The system supports three main loop types:

  • Standard position loop
  • Dual-feedback position loop
  • Velocity loop

The softMC sends position and velocity commands each motion bus update cycle. Loop selection is made in the drive and has little affect on the operation of the softMC.

Standard Position Loop

Position loop is the standard operating mode of the system. For position operation, set the position loop gain to a value greater than zero.

Dual-feedback Position Loop

Dual-feedback position loop compensates for non-linearity in mechanical systems (inaccuracy from gears, belt drives, or lead screws, or backlash from gears and lead screws). Dual-feedback position loop adds a second feedback sensor (usually a linear encoder) to the system so the load position is directly determined. Unfortunately, the load sensor cannot be the sole feedback sensor in most systems. Relying wholly on the load sensor usually causes machine resonance that severely affects system response.Dual-feedback position loop compromise: uses the load sensor for position feedback (accuracy is critical)and uses the motor sensor for velocity feedback (low compliance required).
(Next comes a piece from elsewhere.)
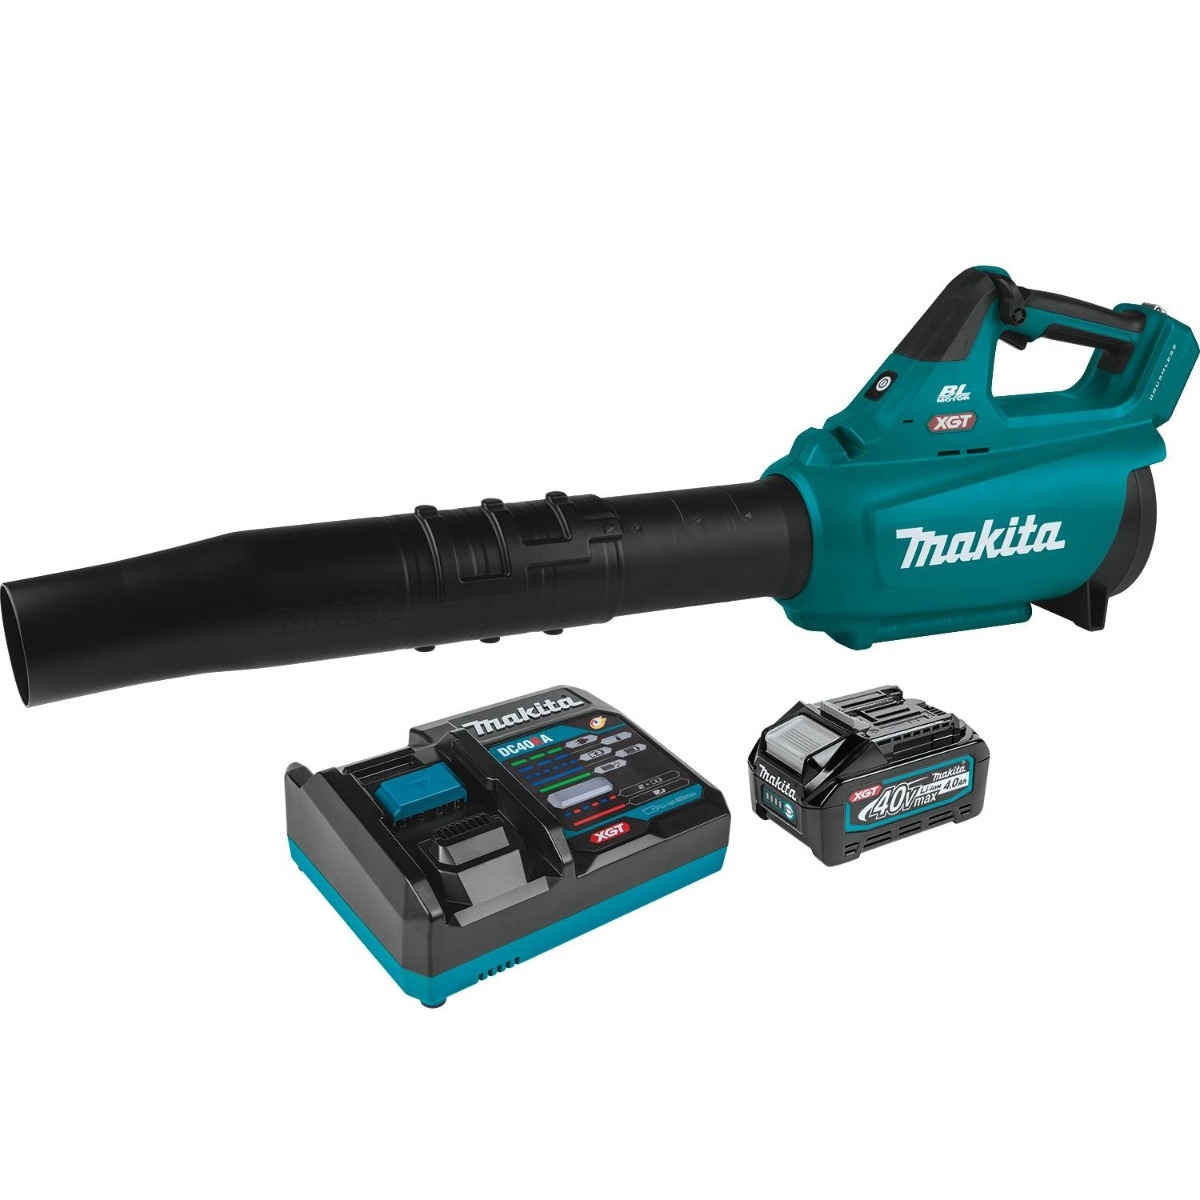 Makita GBU01M1 40V max XGT Brushless Cordless Blower 4.0Ah Kit

This is the dual-feedback position loop shown below.

loopdig1.JPG

The additional hardware for dual-feedback position loop is a second encoder connected to the drive which is running dual-feedback position loop. The softMC does not close the servo loops and is not directly involved in dual-feedback position operation loop. In effect, the softMC is unaware that the drive is operating in dual-feedback position loop. However, when setting up the feedback system, you must configure your units for the external encoder, not the motor feedback device. In addition, you must also instruct the softMC to monitor the external encoder for position error. <axis>.FEEDBACK. For example:

A1.Feedback = External 'Set the axis feedback to the load

Velocity Loop

For some applications, the motor must be under velocity loop control. Maintaining a position is not important. The advantage is that the motor is more responsive (typically 3 to 5 times faster in settling time). When you configure an axis for velocity loop, you more or less fool the drive by setting gains to disable the position loop. You need to set the position loop gain to zero and the feed-forward gain to 100%. This produces the following servo loop:

loopdig2.JPG

Since position error can accumulate significantly in velocity loop, it is best to configure the system to have such a large maximum position error that it never realistically generates an error.